Things are much easier if your elderly relative lives as part of your household, or you can visit daily. However, if this isn’t possible due to other commitments, arrangements need to be made through the hospital discharge plan. Health workers can call in to change dressings.

Care workers can be arranged to help with meals and day to day problems, and social workers can visit to ensure everything is being done to provide for your relatives wellbeing. It is paramount you work with the hospital after-care team. After all, who can blame them for not turning up if they didn’t know they were supposed to?

As the country’s population continues to live to a greater age, an increasing number of resources are being put in place to ensure they get the most from their twilight years, and why not, they’ve worked all their lives for it.

Aftercare:

Aftercare also includes such professionals as occupational therapists, physiotherapists, speech therapists, dieticians, and mental health nurses. If needed, arrangements for all these professionals to call can be arranged, or transport arranged to get your elderly relative to hospital and back, after follow up treatment. Any that are required, should be included within the hospital discharge policy.

Once this discharge policy is drawn up, it is not set in stone. Should your elderly relative’s circumstances change, then contacting their healthcare or social worker, can have additional back-up put in place.

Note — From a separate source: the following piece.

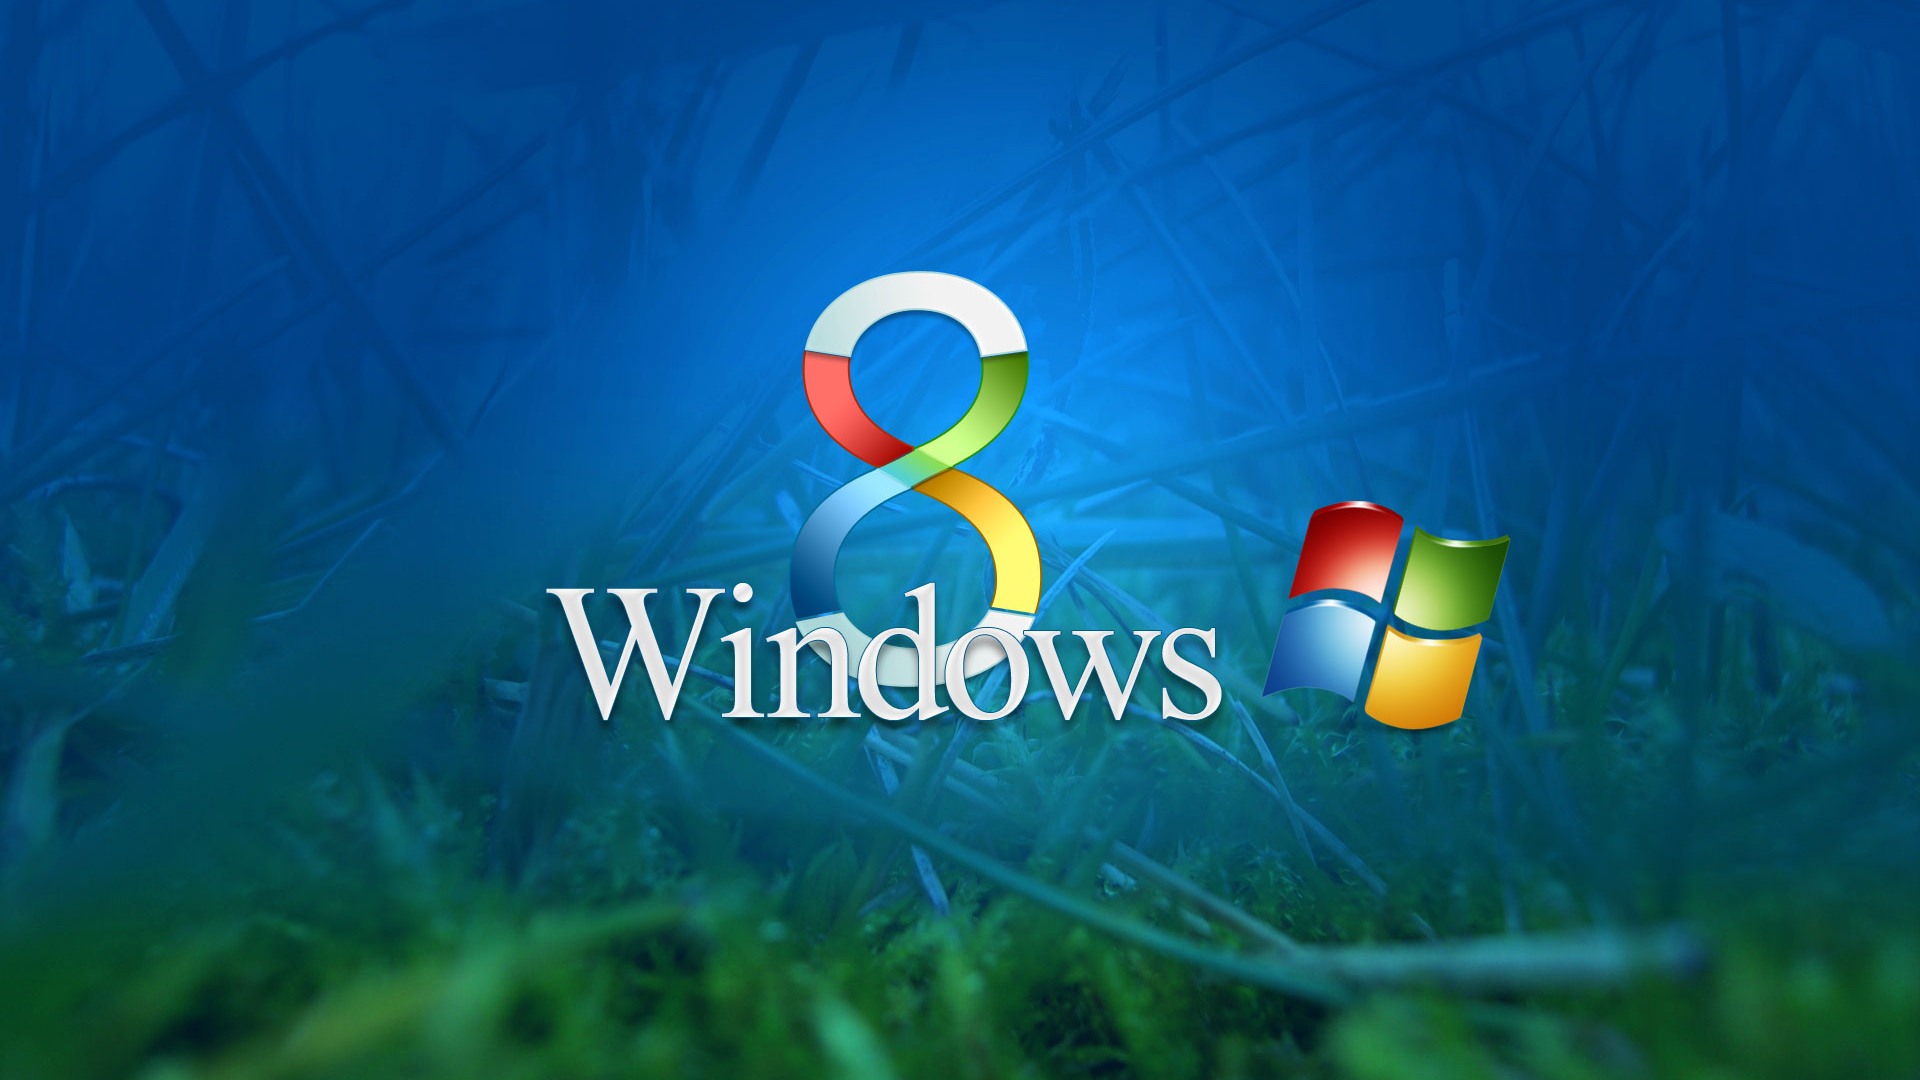 Windows 8 主题壁纸 (二)1 - 1920x1080

Not only is help available for different medical conditions, but for providing as much home support as possible to make day to day living a little easier. Such things as wheelchairs, special beds, stair-lifts, and various adaptations to the home are available through various council and healthcare grants.

Should your relative’s condition be such that they fall outside the NHS requirements for various help at home. There are some excellent private companies which specialise in private homecare.

Let’s go Home:

Prior to collecting the patient from hospital, ensure heating is on in their home if it’s cold. They have food and drink in the home and everything is ready for their arrival, such as clean sheets or bed freshly made. Their GP should be informed they are arriving home.

When collecting your elderly relative ensure they have adequate clothing for the weather conditions. You have a care plan copy to keep abreast of assistance. If they have any aids to use like inhalers, or medication to take – ensure they know how to use them, and when to take their medication.

Finally, if you are unable to collect them, be sure the hospital knows when to transport them home, so someone is available to help them settle in on their first night back in their own surroundings.